The U.S. Bureau of Labor Statistics in late August reported that nursing homes and other residential care facilities have lost about 380,000 jobs since February 2020 when the pandemic first became prevalent. The explosion of the delta variant in recent months has depleted the workforce even more, Parkinson argued. 

He also explained that declines in patient census, dropping from 85% in January 2020 to 72.6% in August 2021, and increasing labor costs have led to the operators experiencing $11.3 billion billion in losses in 2020. The industry is also projected to experience $12.7 billion in losses for 2021, according to the AHCA. 

Parkinson said there are countless examples of direct care staffing agencies charging supercompetitive prices to desperate LTC centers that simply need workers, and called on the FTC to step in. 

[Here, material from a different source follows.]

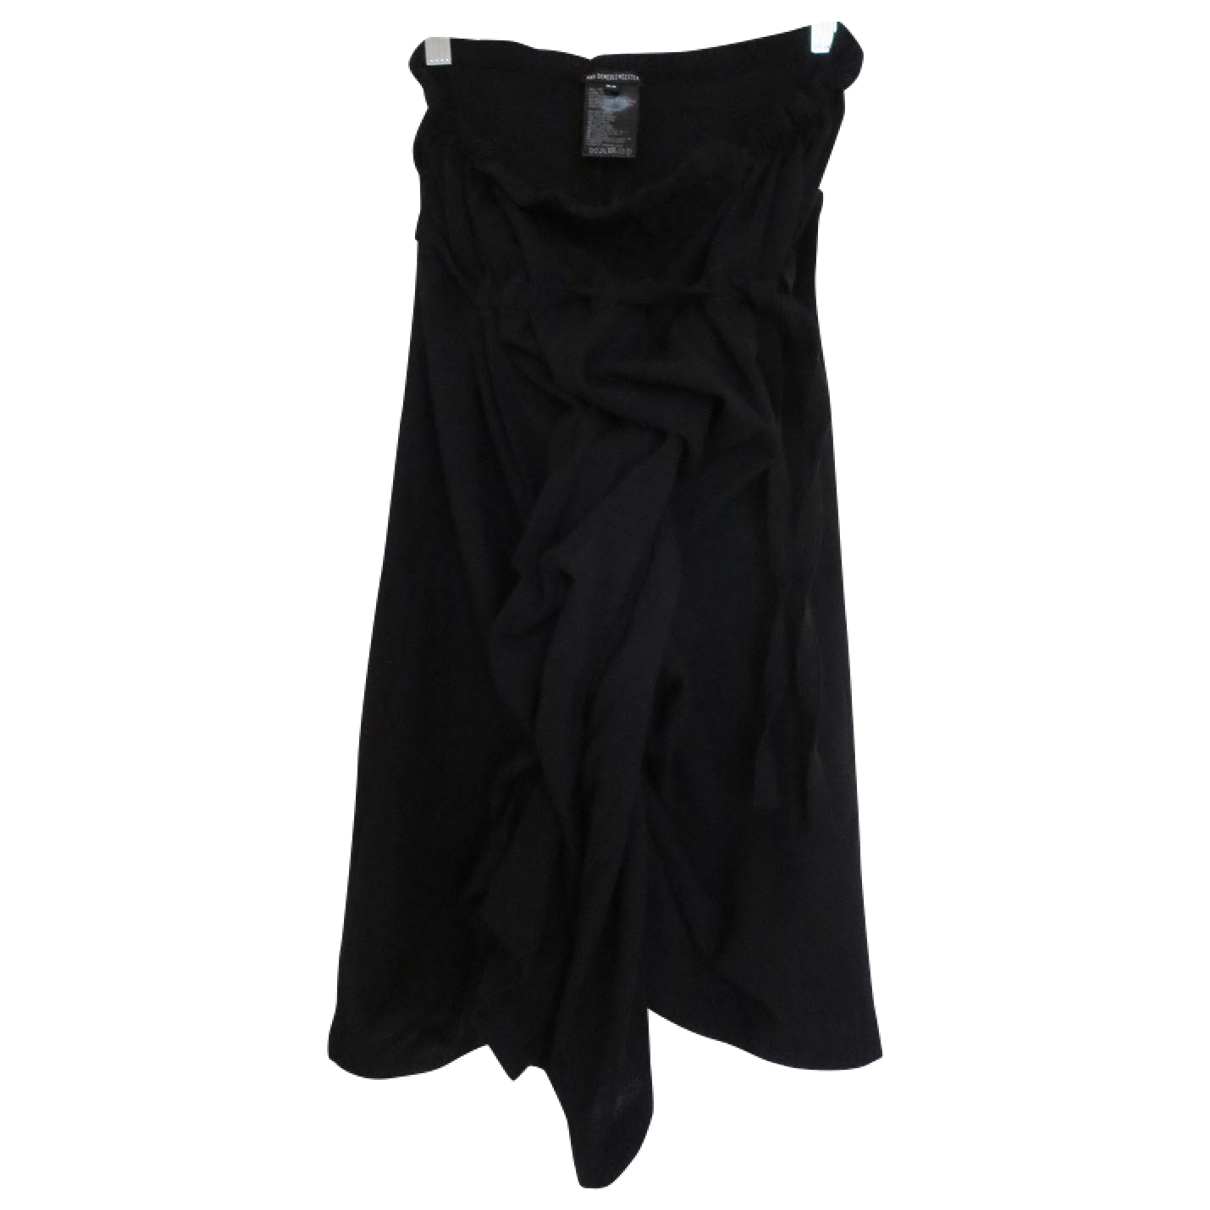 Ann Demeulemeester - Jupe   pour femme en laine - noir

“We are requesting that the FTC use its authority to protect consumers from anticompetitive and unfair practices to investigate this activity and take appropriate action to protect LTC centers — and ensure that our nation’s elderly and those individuals with disabilities receive the quality care they deserve,” he wrote.

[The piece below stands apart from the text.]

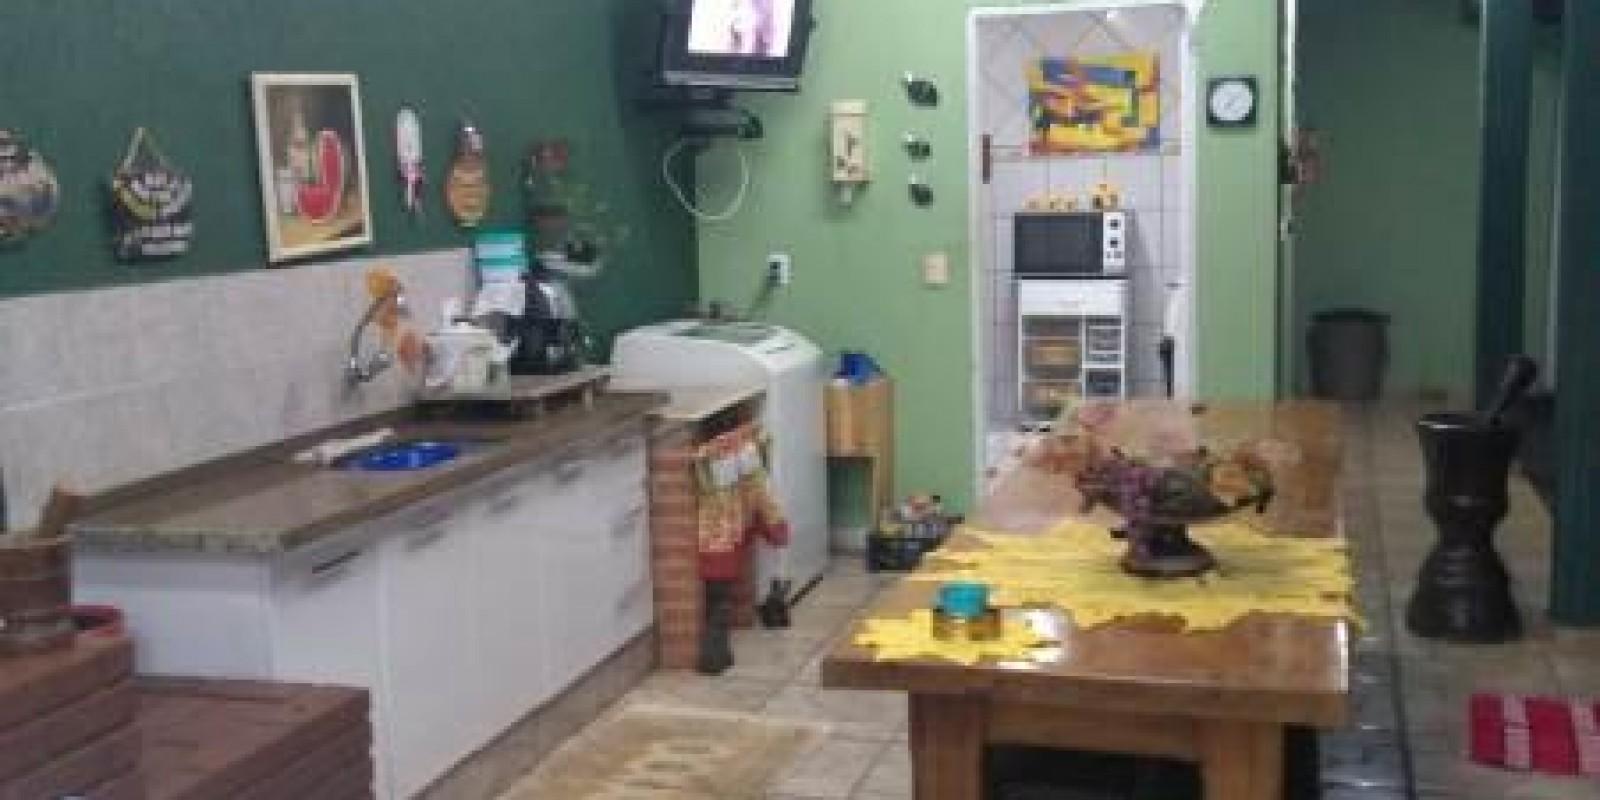 Casa MOBILIADA na Represa no Portal do Catavento em Arandu SP - Foto 21 de 26

Regulation might be helpful 

Even some agencies are acknowledging the extent of the crisis.

Chris Sund is director of business development and sales for long-term care at Fusion Medical Staffing. The national contract nursing agency has seen its number of new positions to fill more than double from a baseline of 3,000 to 4,000 weekly pre-COVID to a peak of 10,000 weekly as vaccine mandate debates raged in July and August. Levels remained elevated through early fall.

In an interview Thursday, Sund said he’s seen unscrupulous temp agencies — and some individual providers —  ramp up pricing for specific jobs, which then results in a vicious outbidding cycle. That can lead to a rush of applicants for a single position but create disillusionment with other jobs posted at more fair pay rates.

Facilities using Fusion set their own price after consulting with a platform that allows them to see what other providers are offering in the same areas. Sund said that, based on an internal formula, his agency clears a smaller margin when providers have to pay higher salaries. 

He’s not necessarily opposed to federal regulation but says any solution involving rate caps must account for both market demand and cost-of-living differentials even within the same state.

He’d like to be able to offer some relief to clients who desperately need temporary workers to give their permanent staff well-earned rest. But Sund doesn’t believe a state-by-state strategy to regulate price-gouging will work. He said some agencies have evaded caps in the two states that have them by providing benefits, including housing, through “loopholes.”

“Regulation might be able to fix it, but it’s going to have to be all 50 states together,” he said. “If one state does it, unfortunately, a lot of their staff is coming from outside of the state and they’re going to limit their pool to just what they already have. They’re not going to be able to pull the resources from other areas, and they’re just going to hurt themselves, I think.”